= Joseph Czerwenka =

Czech-born Austrian oboist (1759–1835)

Franz Joseph Czerwenka (6 September 1759 – 23 June 1835) was a Czech-born oboist based in Vienna, Austria.

==Early life ==
Czerwenka was born in Benatek (present-day Benátky nad Jizerou in the Czech Republic) in 1759. His brother Franz (1745–1801) was a bassoonist; his brother Theodor (1761–1827) was an oboist and composer.

== Career ==
From 1779, he played under Carl Ditters von Dittersdorf in the chapel of Philipp Gotthard von Schaffgotsch, Prince-Bishop of Breslau, in Silesia. From 1784 he was in the orchestra of Nikolaus I, Prince Esterházy, directed by Joseph Haydn, at the Prince's palace.

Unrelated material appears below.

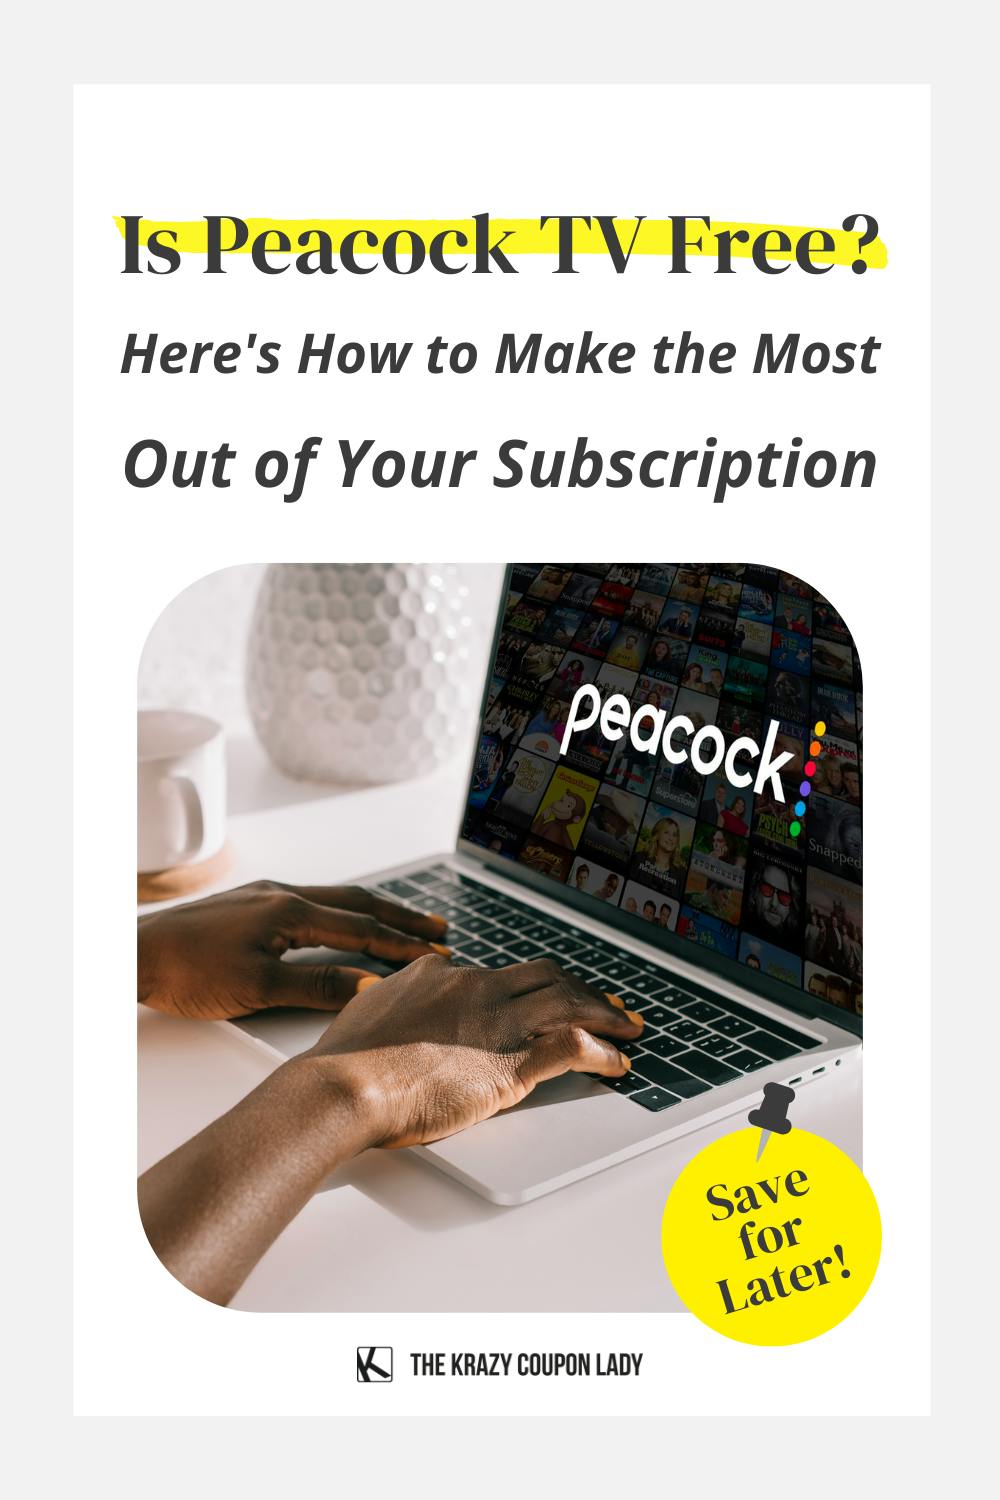 Is Peacock TV Free? Here's How to Make the Most of Your Subscription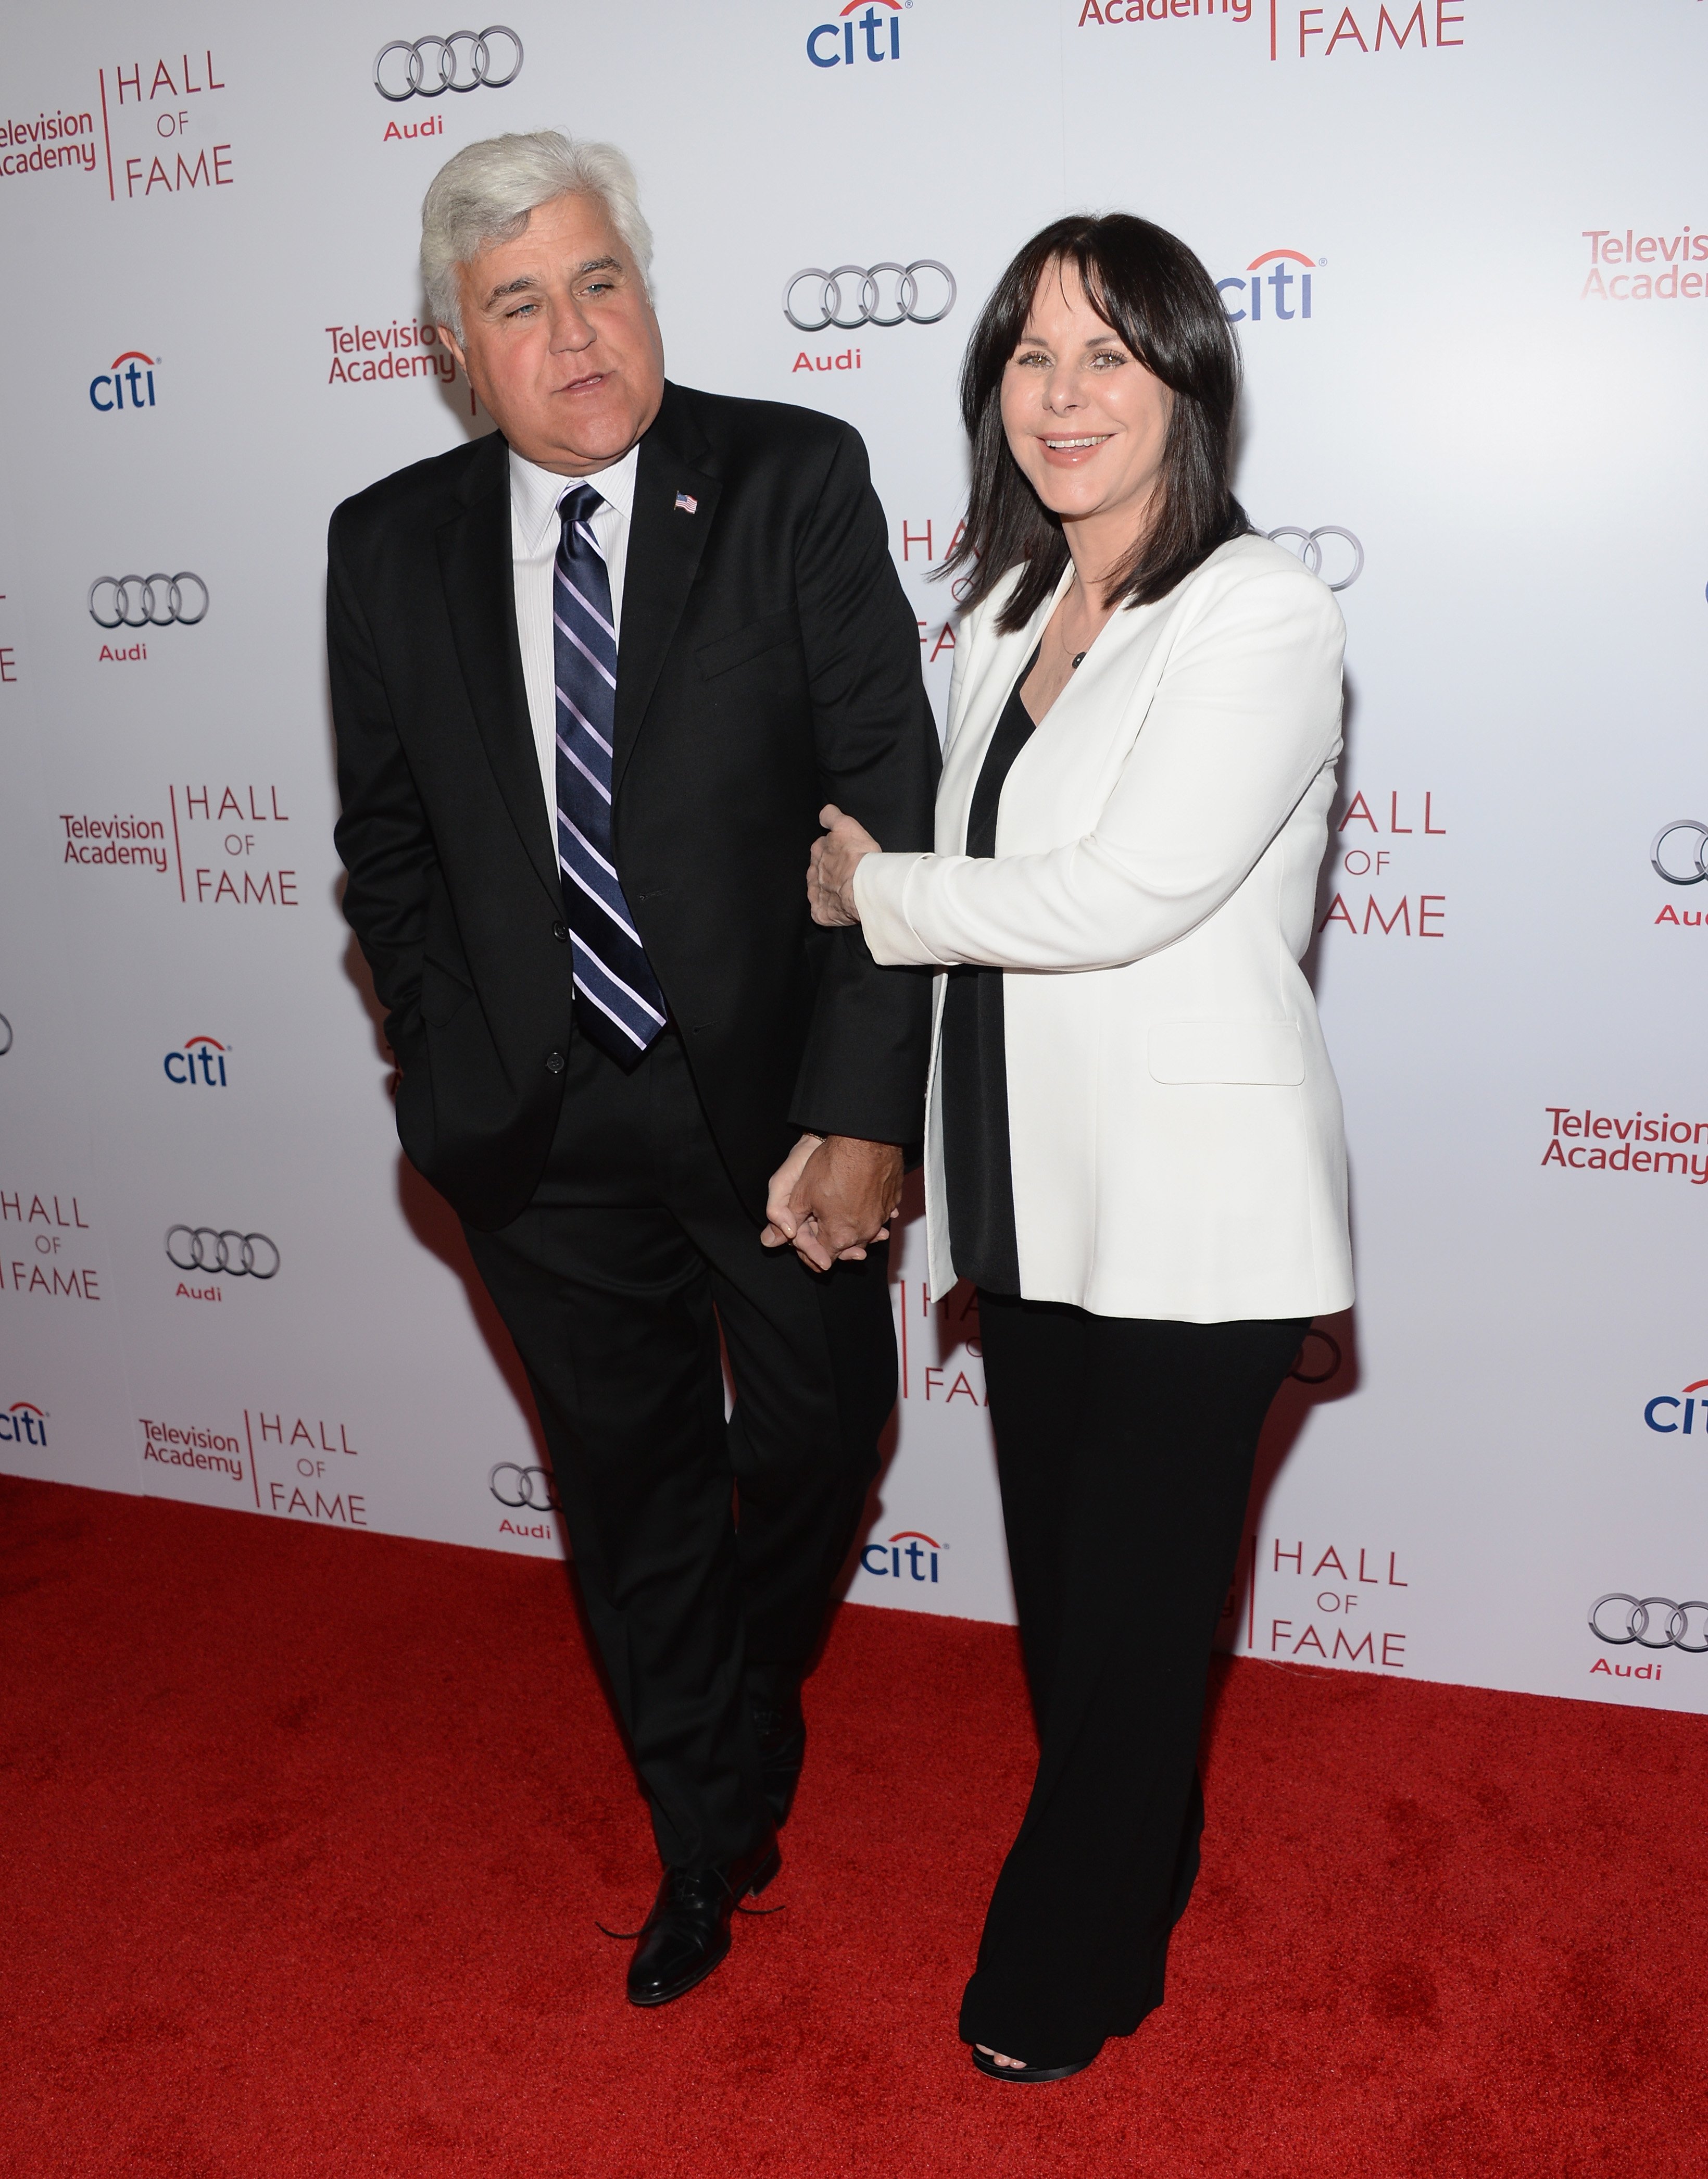 Jay Leno and Mavis Leno at The Television Academy's 23rd Hall of Fame Induction Gala on March 11, 2014 in California | Source: Getty Images

He settled in Vienna in 1794, where he studied under the oboist Josef Triebensee, and played in the Theater am Kärntnertor. From 1801 he played in the Wiener Hofmusikkapelle. He retired in 1822; he died in Vienna in 1835.

Czerwenka was highly regarded in his day. He played in the first performance in 1797 of Ludwig van Beethoven's Trio for two oboes and English horn, Op. 87. Beethoven's Variations on "Là ci darem la mano" (from Mozart's opera Don Giovanni), for the same instruments, WoO 28, was written for him.